- **DATASET CONTENT**
Start of Block

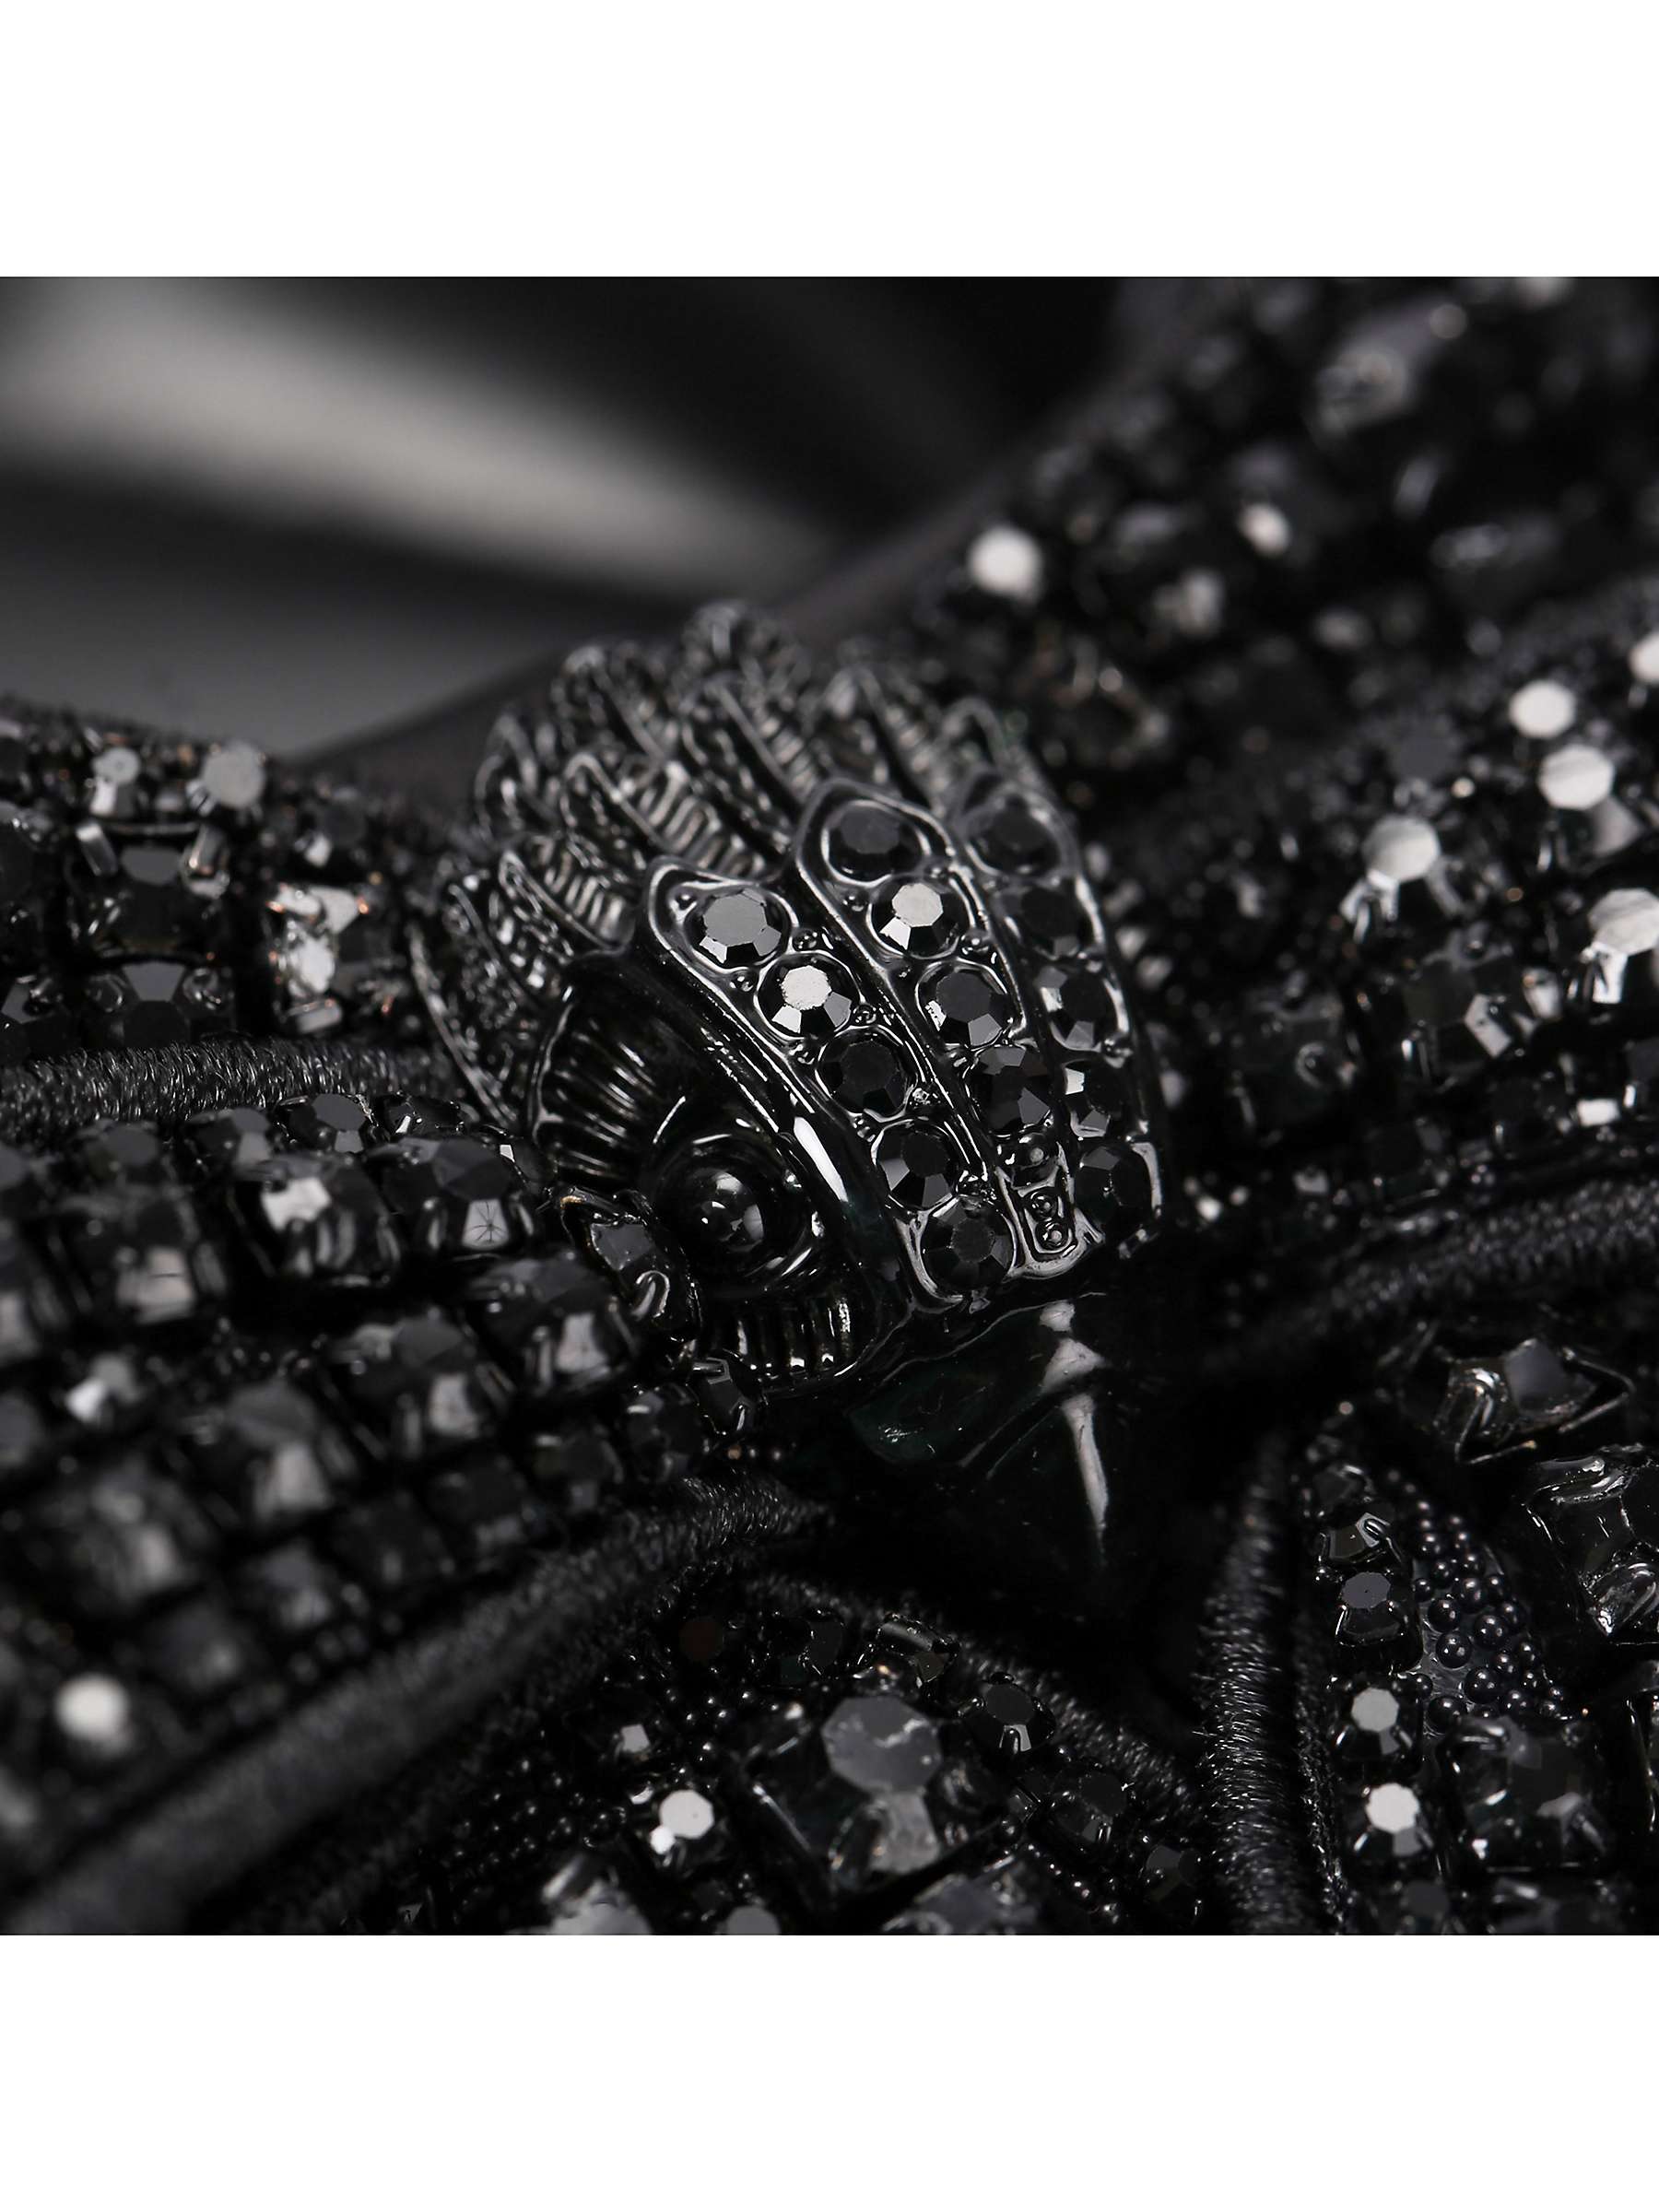 Buy Kurt Geiger London Belgravia Crystal Bow Embellished Slingback Court Shoes, Black Online at johnlewis.com
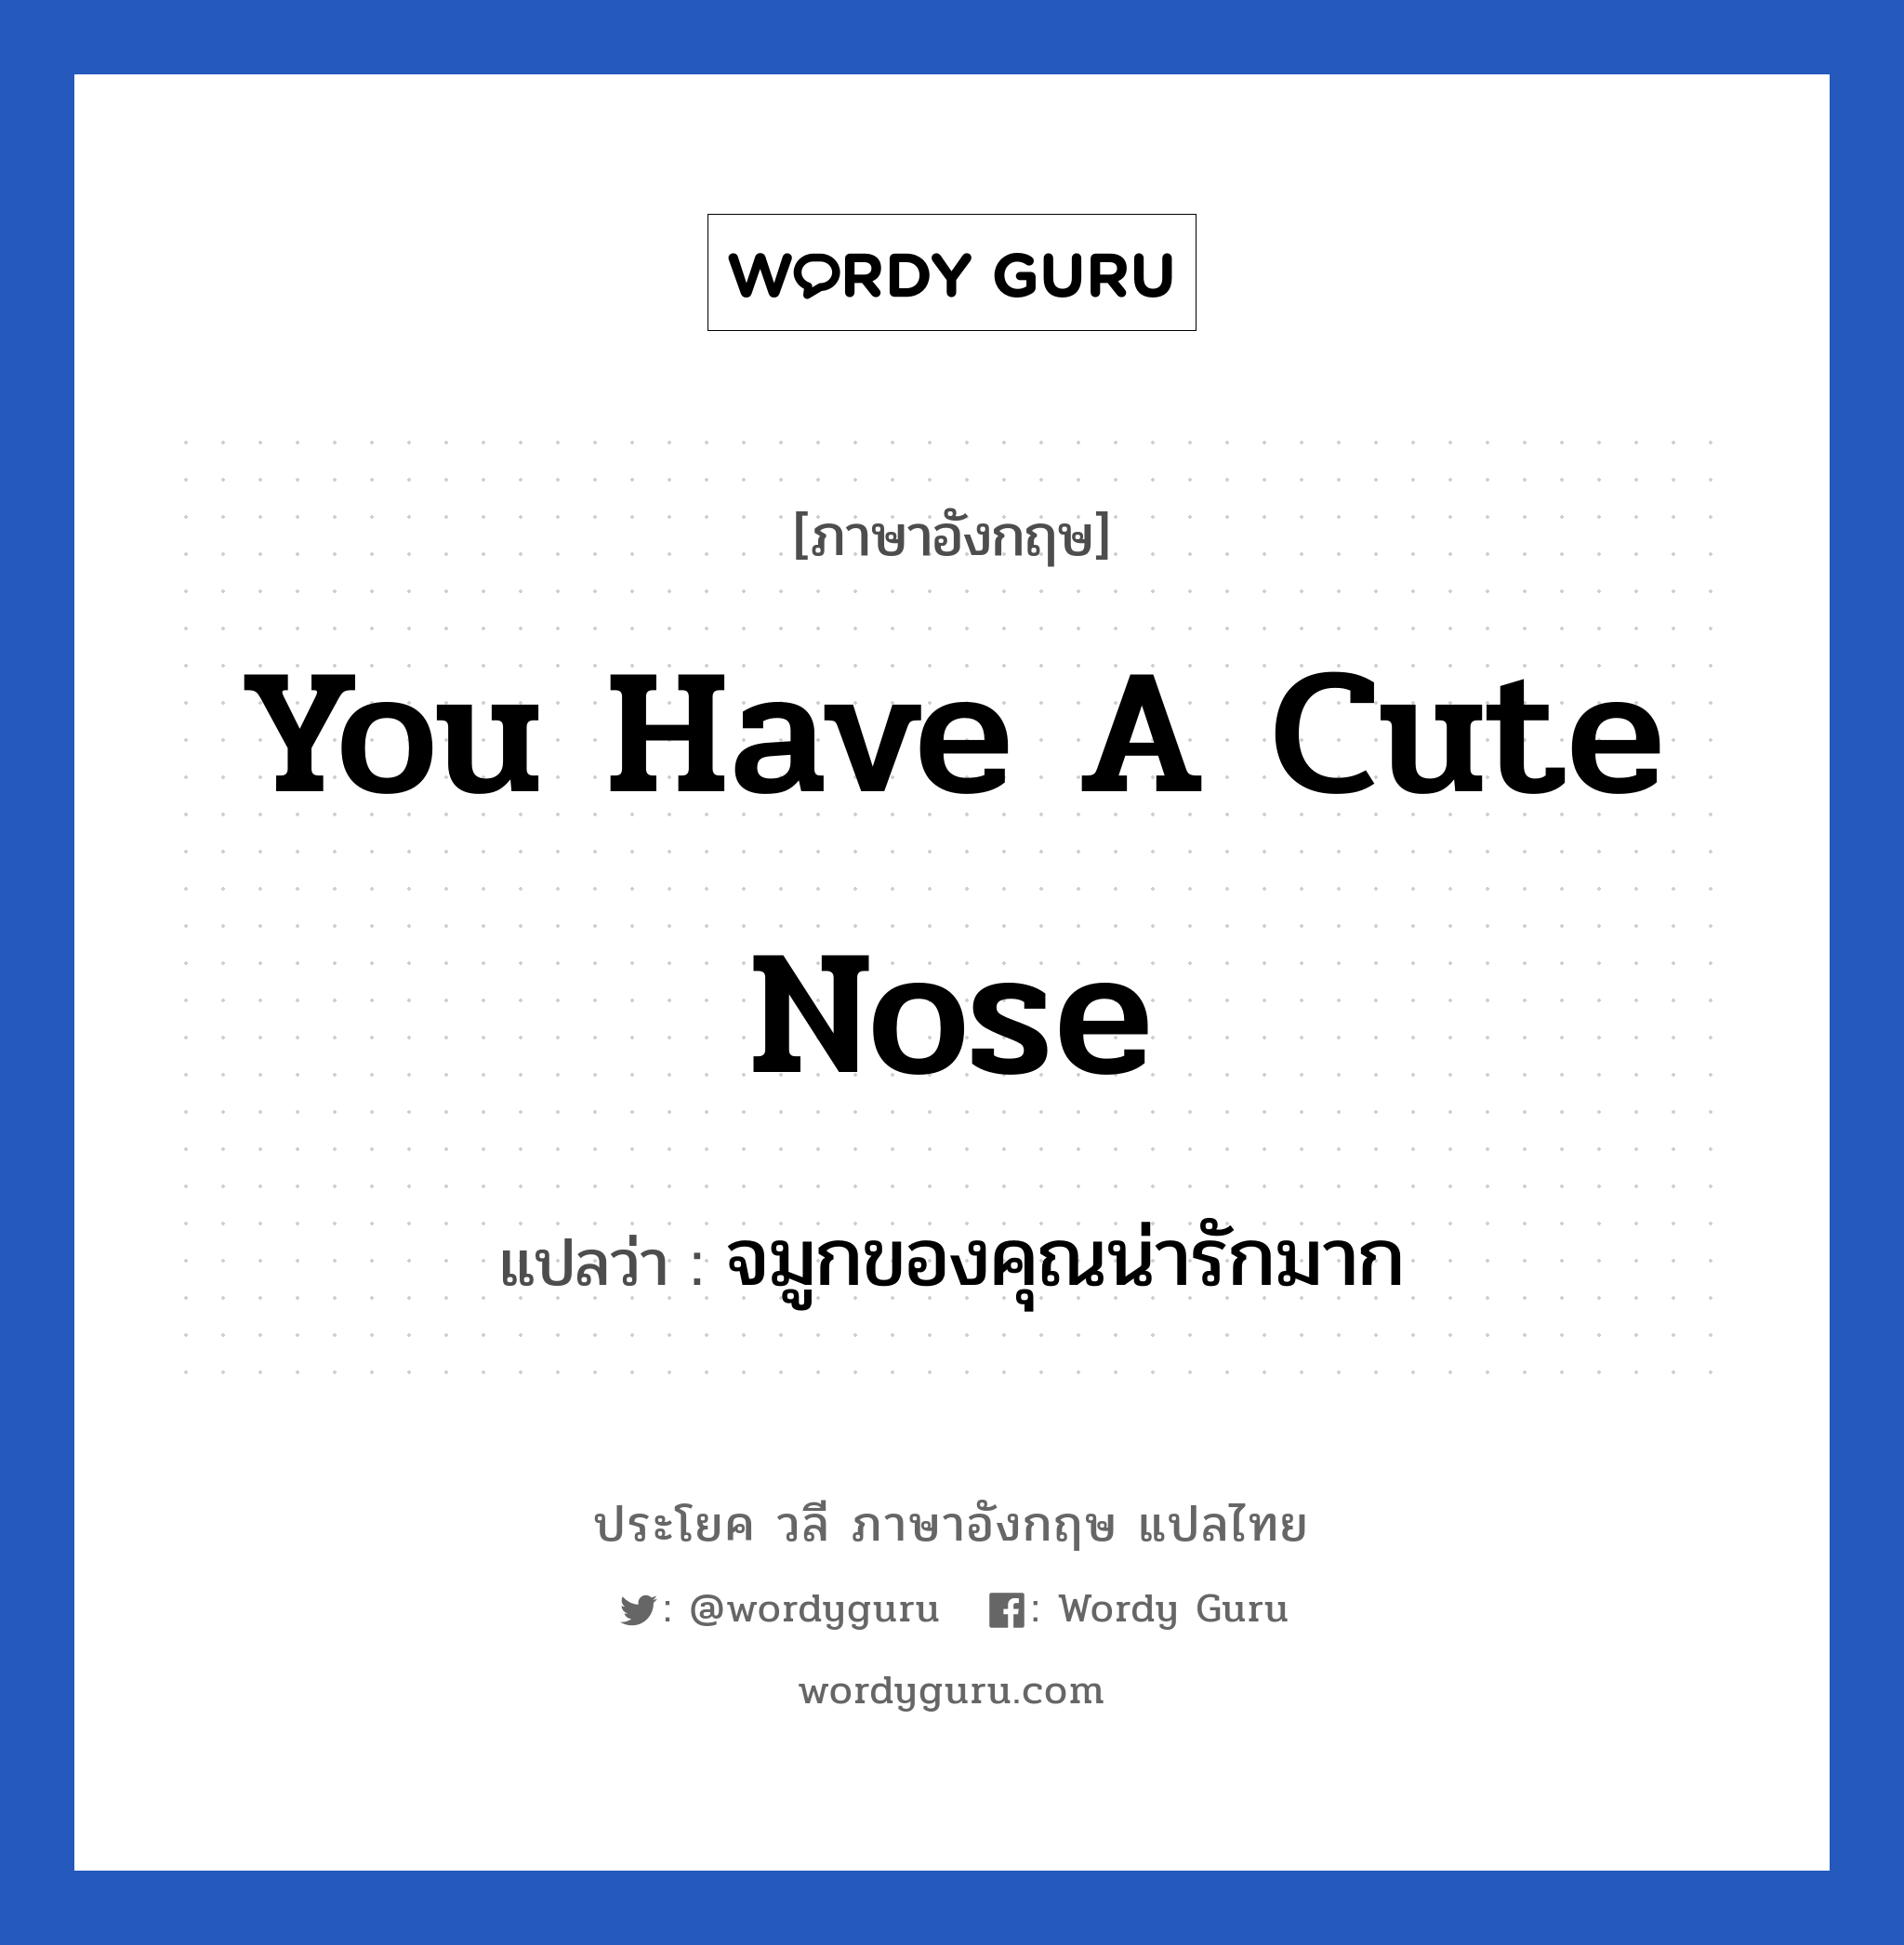 จมูกของคุณน่ารักมาก ภาษาอังกฤษ?, วลีภาษาอังกฤษ จมูกของคุณน่ารักมาก แปลว่า You have a cute nose หมวด คำชมเชย
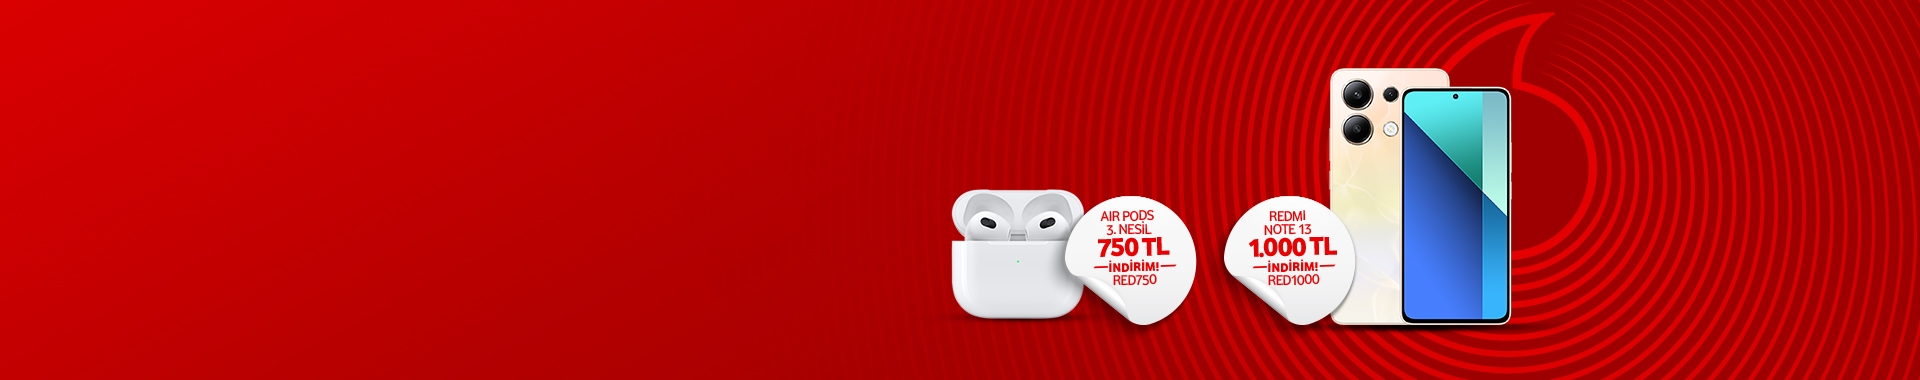 Red’lilere Özel Vodafone Flex Fırsatları!

End of Block

- **WHAT TO WORK ON**
In the reply, every line of the material above is to be reproduced verbatim, and the images are to be left out.

- **ANSWER SECTION**
 Buy Kurt Geiger London Belgravia Crystal Bow Embellished Slingback Court Shoes, Black Online at johnlewis.com
 จมูกของคุณน่ารักมาก ภาษาอังกฤษ?, วลีภาษาอังกฤษ จมูกของคุณน่ารักมาก แปลว่า You have a cute nose หมวด คำชมเชย
 Red’lilere Özel Vodafone Flex Fırsatları!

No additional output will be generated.